Given data |
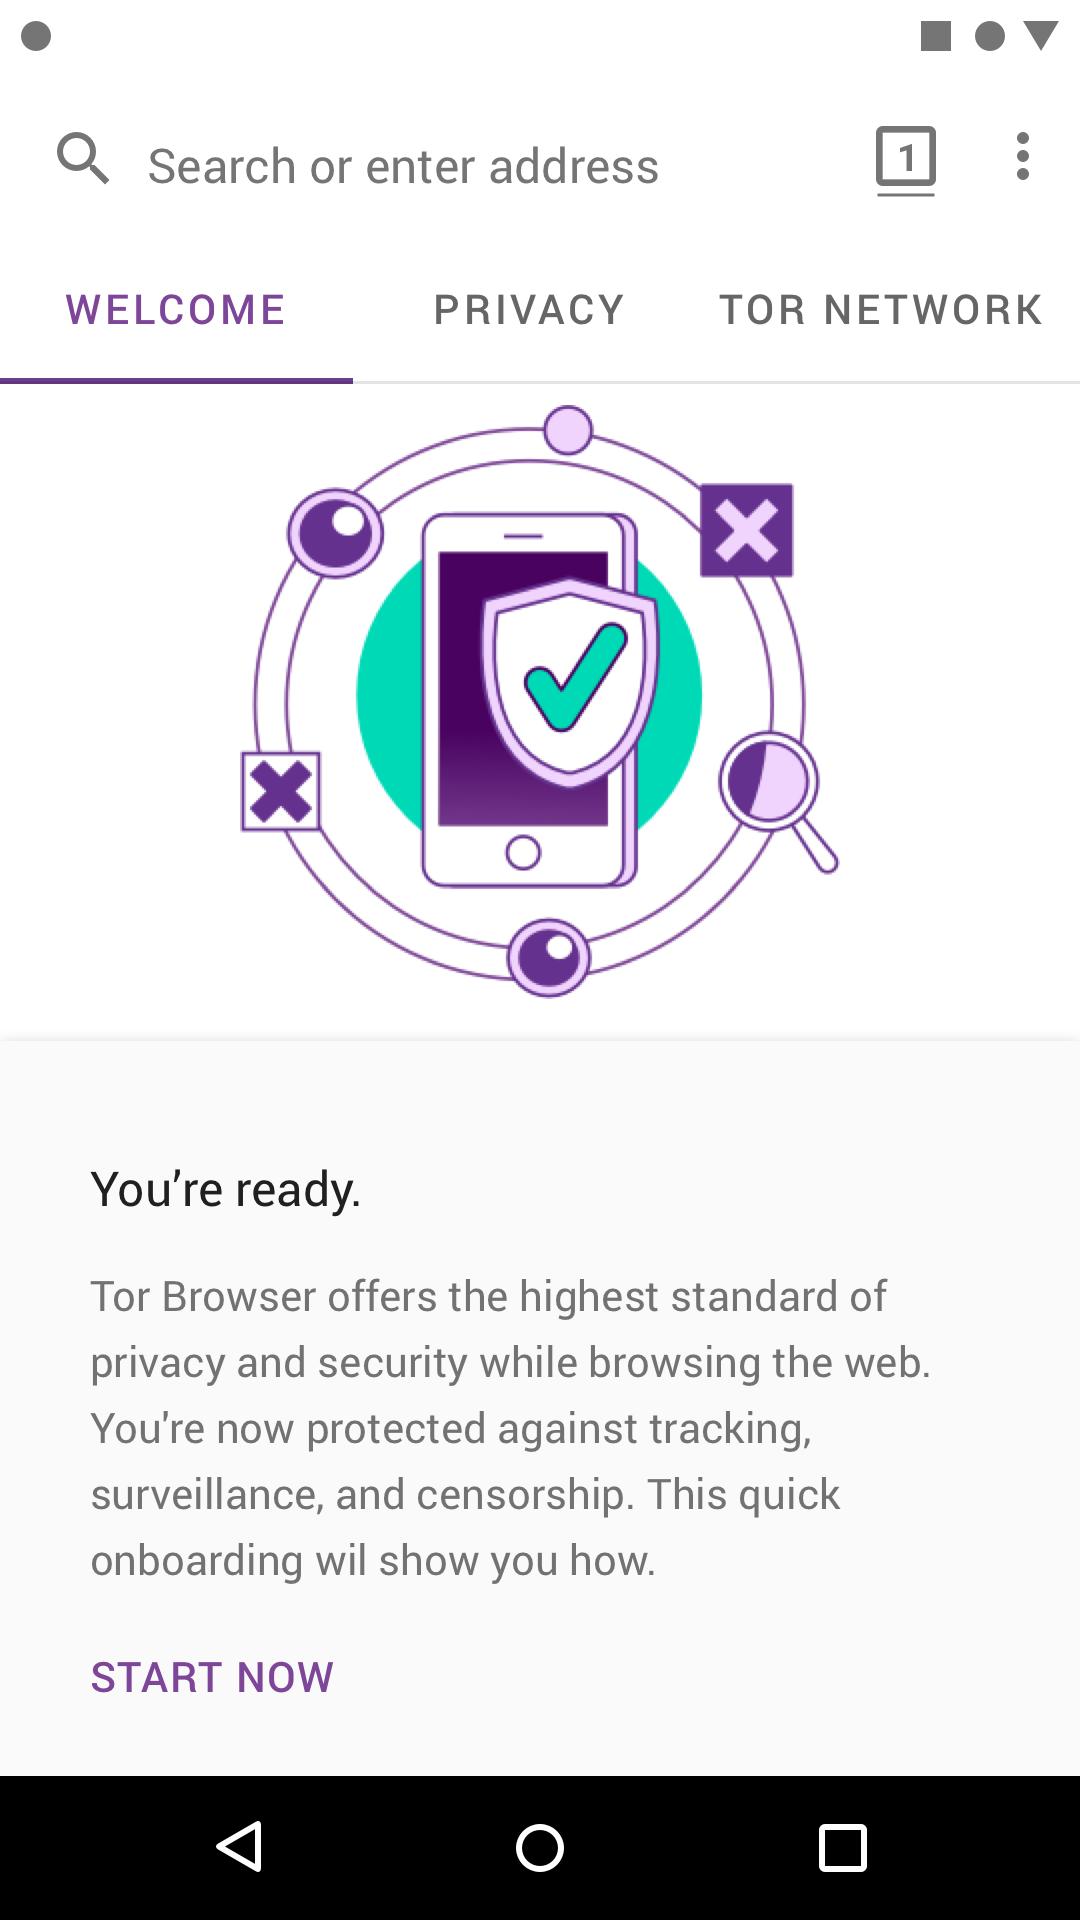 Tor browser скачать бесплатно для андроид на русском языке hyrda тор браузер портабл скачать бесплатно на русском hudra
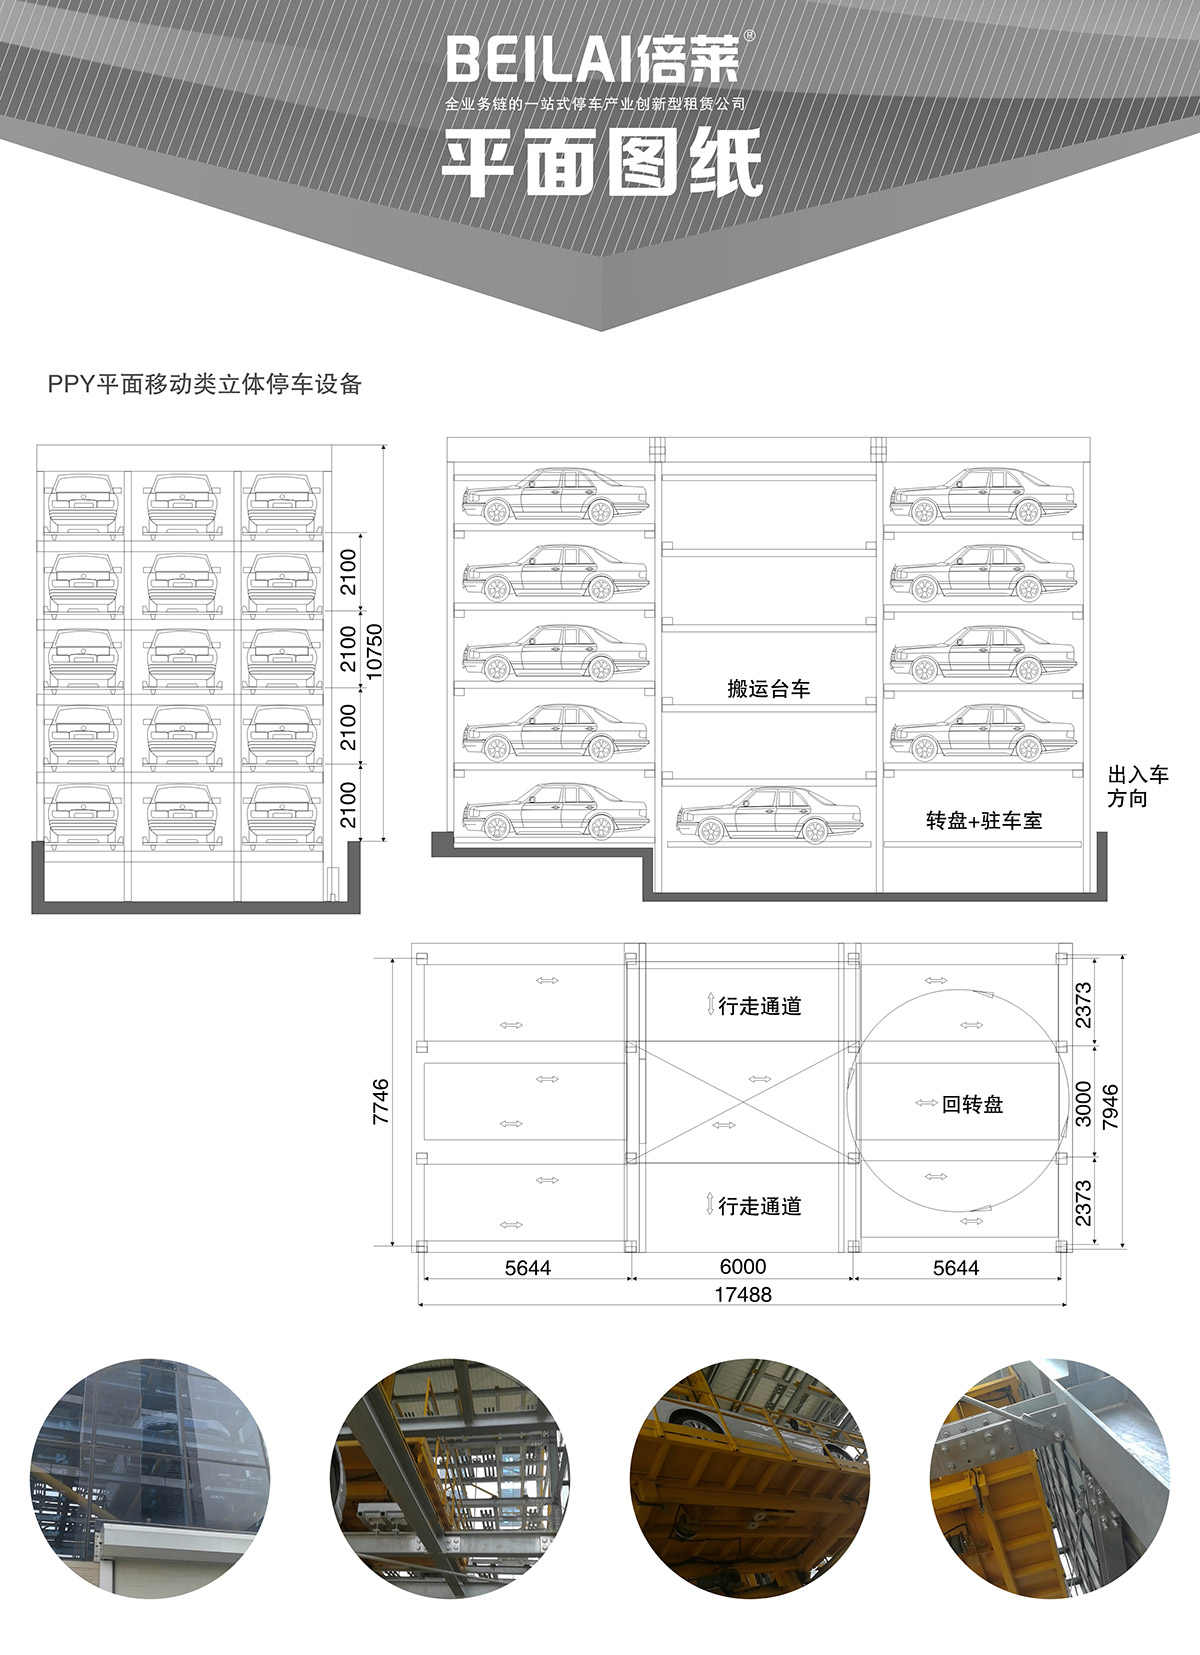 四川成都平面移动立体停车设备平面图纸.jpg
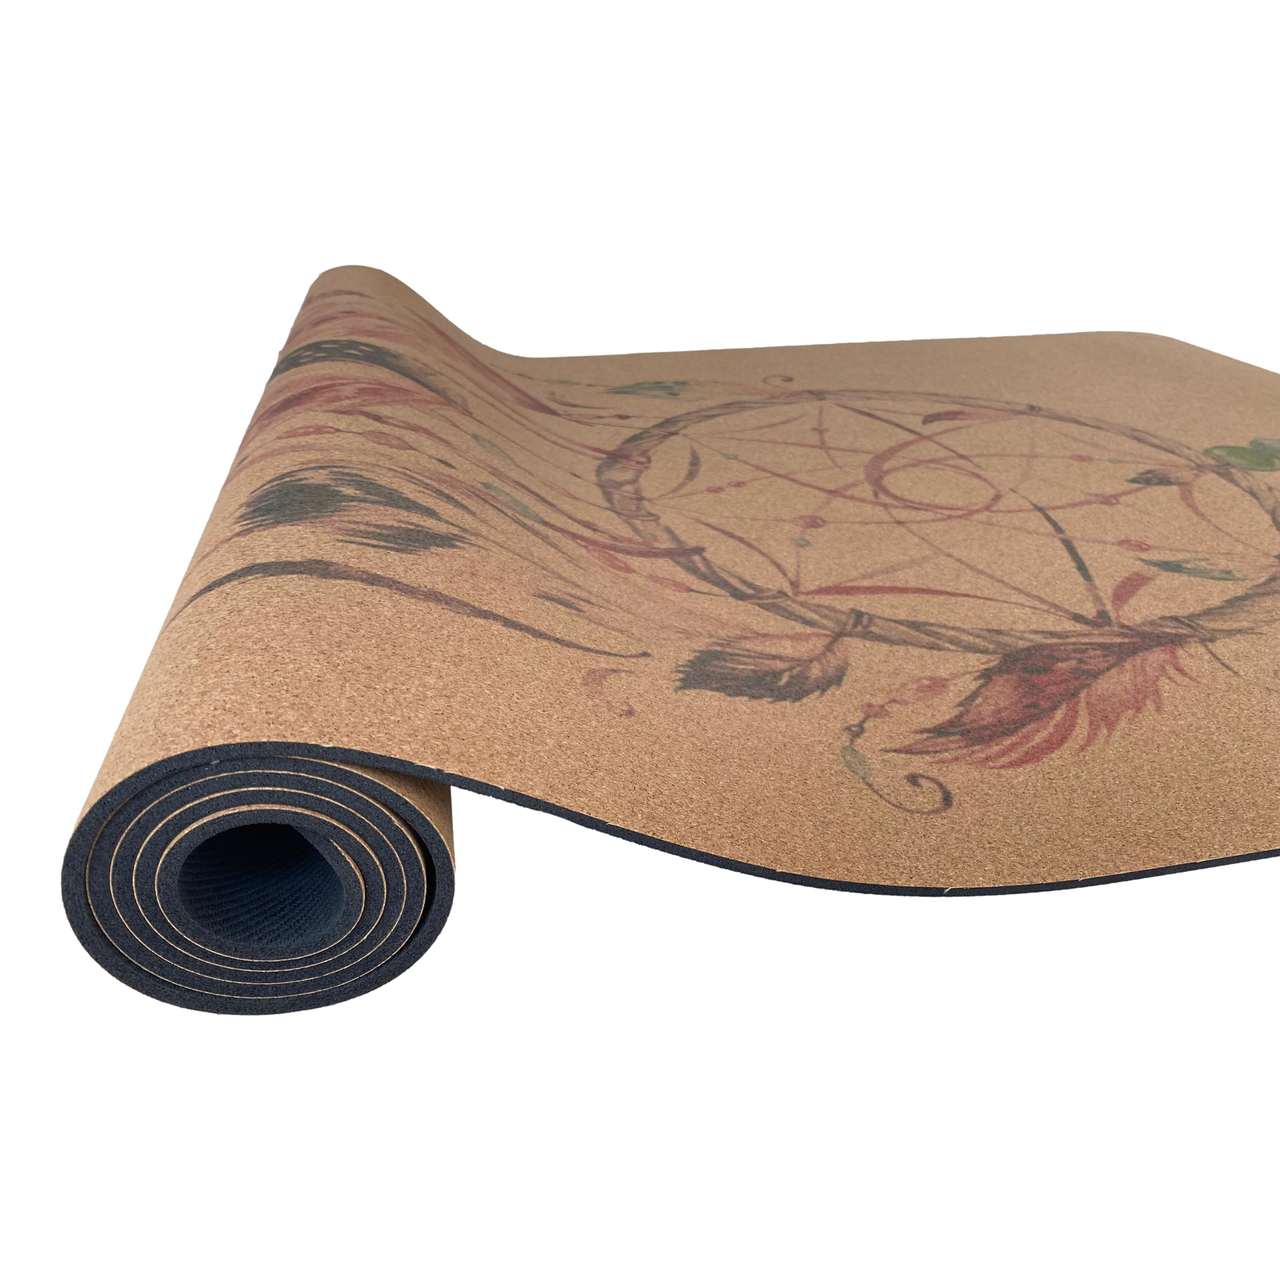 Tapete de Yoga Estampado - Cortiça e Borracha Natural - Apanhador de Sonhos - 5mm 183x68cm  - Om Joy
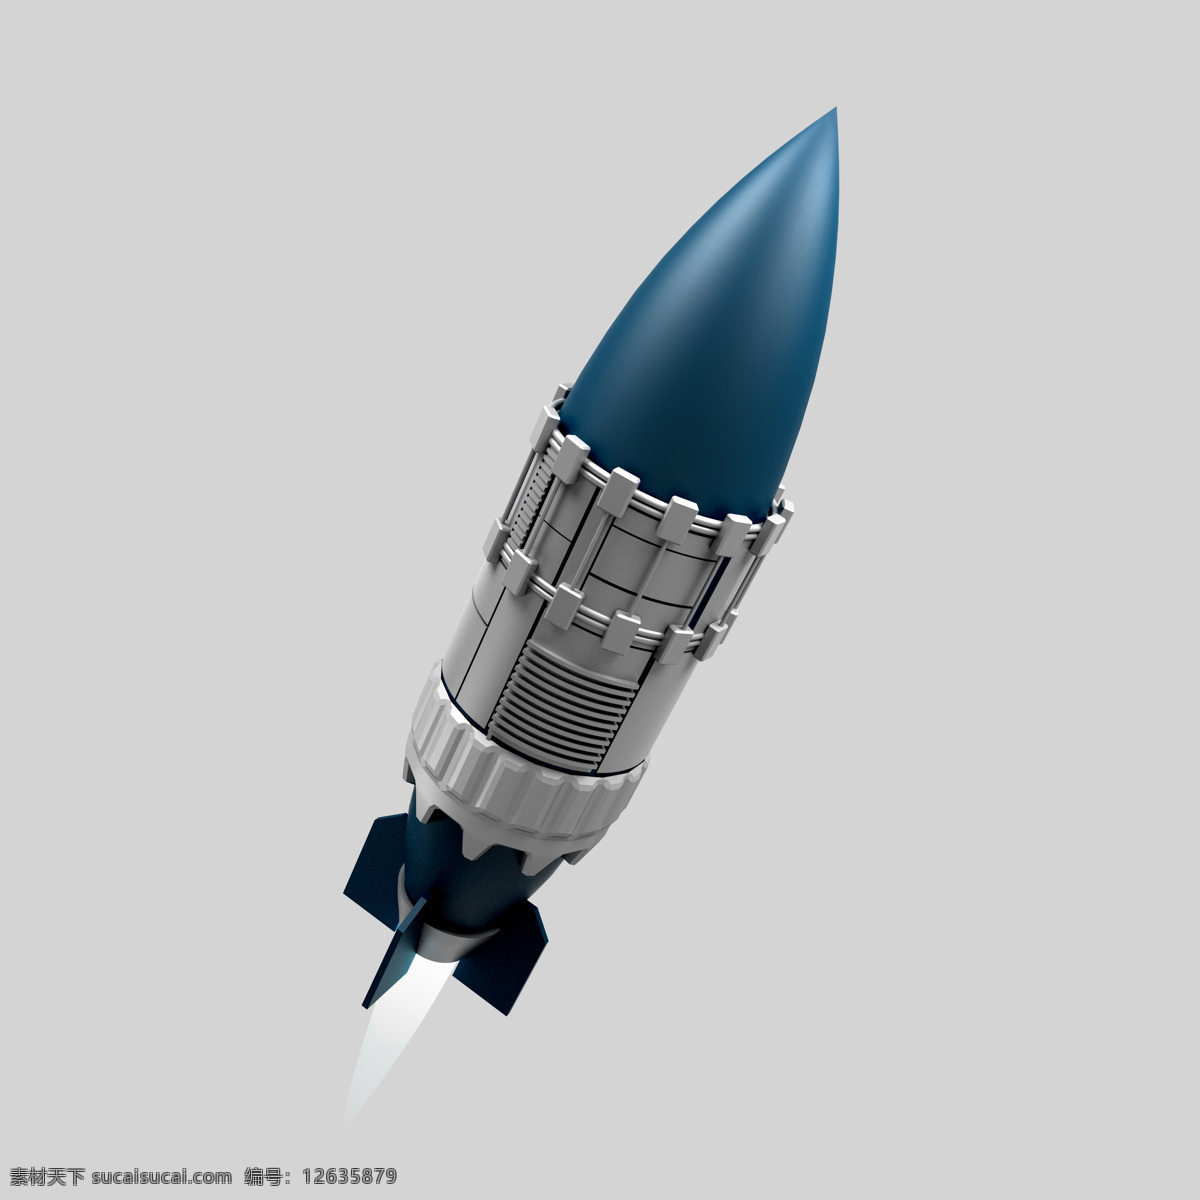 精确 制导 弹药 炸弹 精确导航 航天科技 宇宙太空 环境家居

Work instructions | Copy only the lines running from the one that holds "Tapete de Yoga" through the last line of the data, and include both of those lines. Do not copy any pictures.

Completed exercise |
 Tapete de Yoga Estampado - Cortiça e Borracha Natural - Apanhador de Sonhos - 5mm 183x68cm  - Om Joy
 精确 制导 弹药 炸弹 精确导航 航天科技 宇宙太空 环境家居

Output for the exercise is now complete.